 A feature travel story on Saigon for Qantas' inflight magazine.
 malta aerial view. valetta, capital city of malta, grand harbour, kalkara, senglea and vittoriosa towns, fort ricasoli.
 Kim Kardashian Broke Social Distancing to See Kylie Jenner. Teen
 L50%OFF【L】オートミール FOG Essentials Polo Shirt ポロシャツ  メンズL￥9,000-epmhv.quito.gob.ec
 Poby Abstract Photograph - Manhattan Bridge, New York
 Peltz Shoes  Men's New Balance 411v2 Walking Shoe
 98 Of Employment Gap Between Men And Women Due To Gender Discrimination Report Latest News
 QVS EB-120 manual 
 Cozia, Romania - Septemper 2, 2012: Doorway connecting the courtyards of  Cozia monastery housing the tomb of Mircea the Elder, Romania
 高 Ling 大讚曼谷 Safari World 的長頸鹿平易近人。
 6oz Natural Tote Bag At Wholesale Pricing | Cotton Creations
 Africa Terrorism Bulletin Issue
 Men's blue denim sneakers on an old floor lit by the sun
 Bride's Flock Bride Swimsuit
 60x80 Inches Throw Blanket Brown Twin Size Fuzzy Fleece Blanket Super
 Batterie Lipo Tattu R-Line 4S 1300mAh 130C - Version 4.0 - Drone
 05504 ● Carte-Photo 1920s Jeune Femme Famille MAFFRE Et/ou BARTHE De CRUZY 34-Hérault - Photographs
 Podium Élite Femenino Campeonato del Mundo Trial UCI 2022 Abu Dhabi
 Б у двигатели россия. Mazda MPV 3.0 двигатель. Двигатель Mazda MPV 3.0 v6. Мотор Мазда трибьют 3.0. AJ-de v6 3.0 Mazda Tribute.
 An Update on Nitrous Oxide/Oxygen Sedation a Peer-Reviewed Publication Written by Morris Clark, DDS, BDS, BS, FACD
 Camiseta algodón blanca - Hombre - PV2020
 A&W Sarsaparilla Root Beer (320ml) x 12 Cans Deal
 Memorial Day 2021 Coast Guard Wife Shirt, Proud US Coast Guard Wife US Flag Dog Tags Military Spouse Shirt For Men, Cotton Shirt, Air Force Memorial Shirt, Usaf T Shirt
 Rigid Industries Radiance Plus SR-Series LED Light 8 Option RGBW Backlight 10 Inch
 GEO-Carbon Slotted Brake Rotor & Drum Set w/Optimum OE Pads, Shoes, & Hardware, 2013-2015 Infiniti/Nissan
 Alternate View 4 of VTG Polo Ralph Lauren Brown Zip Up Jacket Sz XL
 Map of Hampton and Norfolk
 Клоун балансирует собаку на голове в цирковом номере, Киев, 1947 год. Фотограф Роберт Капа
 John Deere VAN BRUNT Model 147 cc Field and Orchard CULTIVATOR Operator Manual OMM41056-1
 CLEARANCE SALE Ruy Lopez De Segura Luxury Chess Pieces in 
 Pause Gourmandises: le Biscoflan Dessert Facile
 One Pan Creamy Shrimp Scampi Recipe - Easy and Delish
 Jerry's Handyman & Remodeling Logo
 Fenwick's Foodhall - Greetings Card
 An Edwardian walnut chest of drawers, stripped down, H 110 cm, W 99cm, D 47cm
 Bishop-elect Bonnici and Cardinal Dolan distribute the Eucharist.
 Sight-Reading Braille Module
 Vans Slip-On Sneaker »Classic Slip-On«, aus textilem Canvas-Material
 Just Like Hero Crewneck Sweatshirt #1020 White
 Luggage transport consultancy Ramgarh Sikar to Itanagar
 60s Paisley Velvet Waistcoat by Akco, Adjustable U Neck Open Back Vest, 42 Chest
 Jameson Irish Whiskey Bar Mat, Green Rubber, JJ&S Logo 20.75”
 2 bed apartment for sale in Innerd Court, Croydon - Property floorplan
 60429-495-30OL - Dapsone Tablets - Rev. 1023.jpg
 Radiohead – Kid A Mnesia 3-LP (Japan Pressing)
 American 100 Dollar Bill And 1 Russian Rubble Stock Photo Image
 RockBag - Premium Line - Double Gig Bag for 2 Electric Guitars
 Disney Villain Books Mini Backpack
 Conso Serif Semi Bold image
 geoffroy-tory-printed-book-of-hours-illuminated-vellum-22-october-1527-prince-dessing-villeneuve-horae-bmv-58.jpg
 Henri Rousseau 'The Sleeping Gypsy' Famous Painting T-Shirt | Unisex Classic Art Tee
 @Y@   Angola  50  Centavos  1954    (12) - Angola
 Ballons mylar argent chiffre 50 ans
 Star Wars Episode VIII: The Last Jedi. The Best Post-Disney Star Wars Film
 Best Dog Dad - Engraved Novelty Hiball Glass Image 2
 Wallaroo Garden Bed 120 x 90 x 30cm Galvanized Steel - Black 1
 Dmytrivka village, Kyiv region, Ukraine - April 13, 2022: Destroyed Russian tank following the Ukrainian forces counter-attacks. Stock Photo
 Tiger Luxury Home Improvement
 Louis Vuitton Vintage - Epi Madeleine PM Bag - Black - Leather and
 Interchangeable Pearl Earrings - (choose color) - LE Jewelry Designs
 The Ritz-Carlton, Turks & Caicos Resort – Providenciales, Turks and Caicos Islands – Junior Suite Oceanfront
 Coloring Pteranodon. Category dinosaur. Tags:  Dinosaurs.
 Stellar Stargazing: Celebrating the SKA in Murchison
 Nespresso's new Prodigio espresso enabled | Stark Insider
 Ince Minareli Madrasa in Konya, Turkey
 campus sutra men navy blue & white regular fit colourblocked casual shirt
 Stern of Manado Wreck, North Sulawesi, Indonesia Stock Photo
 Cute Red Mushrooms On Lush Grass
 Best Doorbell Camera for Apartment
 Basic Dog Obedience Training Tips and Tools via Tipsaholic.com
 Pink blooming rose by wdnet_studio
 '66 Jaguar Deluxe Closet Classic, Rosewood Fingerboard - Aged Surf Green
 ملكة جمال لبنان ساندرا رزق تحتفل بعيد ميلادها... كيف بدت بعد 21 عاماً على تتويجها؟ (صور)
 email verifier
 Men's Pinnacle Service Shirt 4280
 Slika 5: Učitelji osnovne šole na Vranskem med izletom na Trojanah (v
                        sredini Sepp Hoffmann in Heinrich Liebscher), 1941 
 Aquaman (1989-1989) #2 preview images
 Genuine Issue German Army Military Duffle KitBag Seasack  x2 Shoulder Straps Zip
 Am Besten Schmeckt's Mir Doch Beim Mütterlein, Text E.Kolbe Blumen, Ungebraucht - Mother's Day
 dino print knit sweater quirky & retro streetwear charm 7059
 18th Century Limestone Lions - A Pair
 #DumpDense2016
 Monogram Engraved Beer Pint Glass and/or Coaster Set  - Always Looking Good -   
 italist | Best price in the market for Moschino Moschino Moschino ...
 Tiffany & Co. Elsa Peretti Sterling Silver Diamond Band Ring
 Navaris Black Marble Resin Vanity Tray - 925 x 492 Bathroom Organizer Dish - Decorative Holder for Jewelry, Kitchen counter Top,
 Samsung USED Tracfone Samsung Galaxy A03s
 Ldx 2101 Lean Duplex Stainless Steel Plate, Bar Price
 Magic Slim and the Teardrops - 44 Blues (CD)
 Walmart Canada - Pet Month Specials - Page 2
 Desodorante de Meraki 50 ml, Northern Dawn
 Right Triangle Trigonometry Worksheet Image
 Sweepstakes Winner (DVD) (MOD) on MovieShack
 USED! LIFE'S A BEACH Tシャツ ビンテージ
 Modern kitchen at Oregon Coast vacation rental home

☆ ☆ ☆ ☆

Problem requirements: Extract the lines of the preceding material that run from the line with "Conso Serif Semi Bold image" through the line with "Ballons mylar argent chiffre 50 ans", inclusive, reproducing them exactly and adding nothing.

Response:
 Conso Serif Semi Bold image
 geoffroy-tory-printed-book-of-hours-illuminated-vellum-22-october-1527-prince-dessing-villeneuve-horae-bmv-58.jpg
 Henri Rousseau 'The Sleeping Gypsy' Famous Painting T-Shirt | Unisex Classic Art Tee
 @Y@   Angola  50  Centavos  1954    (12) - Angola
 Ballons mylar argent chiffre 50 ans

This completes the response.